A couple of cargoes from Antwerp-Rotterdam-Amsterdam have been flagged up as going into Klaipeda and Riga. Blenders in Lithuania and Latvia are now taking mainstream European barrels to replace Russian Group I base stocks. The European Union ban on Russian base oil imports has caused a reversal of trade. Sellers from Gdansk are looking at setting up what could become regular supplies into the Baltic, replacing the Russian barrels that are now banned from going into Latvia and Lithuania. The strange fact is that Russian supplies by train are still transiting through Latvia and Lithuania, going into shore storage in Riga and Svetly in Kaliningrad. As long as these quantities are not destined for any EU or other allied receivers, then this exercise can continue under EU rules and regulations. Effectively, the base oils are “under bond” when transiting.
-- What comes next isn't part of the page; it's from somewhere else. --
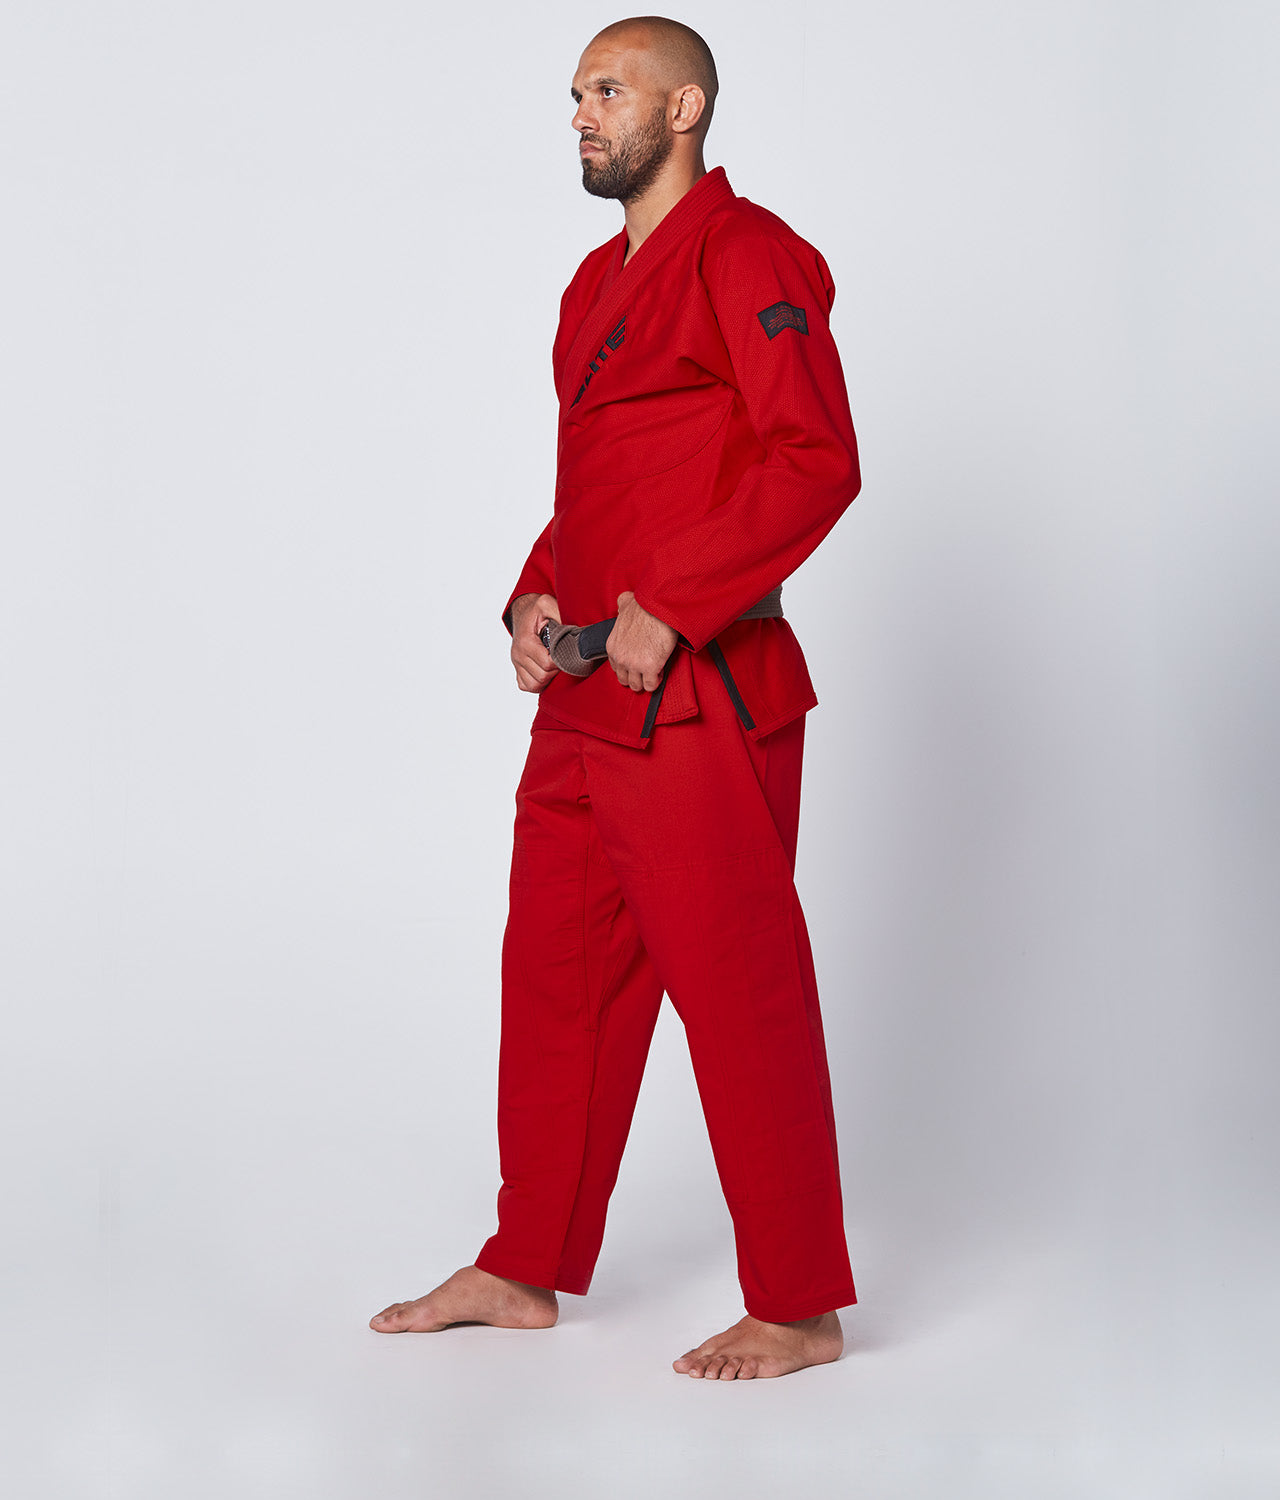 Elite Sports Men's Core Red Brazilian Jiu Jitsu BJJ Gi

Rerefined base oils have also stepped into the frame to supply blenders in Klaipaeda, loaded out of Kalundborg in Denmark, where Avista have part of their operation.

FOB prices ex Svetly are “guesstimates” at best and are established by looking at  the landed prices of material going into Gebze in Turkey. CIF prices are taken and discounted by estimated freight rates. Prices are not exact or precise, but as estimates and indications only, SN 150 levels are put at $825/t-$875/t, with SN 500 at $845/t-$890/t.

The execution of Lukoil cargoes going into Nigeria has still not been clarified, since to procure an import license, a local letter of credit must be issued with corresponding references to allow the importation of the cargo. Letters of credit are issued by local Nigerian banks and then reconfirmed by a prime European bank prior to cargo loading and issuance of bills of lading. Russian traders are unable to follow this process and it is not clear how a letter of credit would be handled by Russian banks – if at all. Further investigation of this process is being sought through various sources.

FOB prices for Group I material from Gdansk refinery are in line with European mainstream pricing; therefore, they are slightly higher. SN 150 is assessed at $1,025/t-$1,070/t. SN 500 is at $1,095/t-$1,140/t, depending on destination. Quantities of bright stock remain estimated at $1,300/t-$1,355/t.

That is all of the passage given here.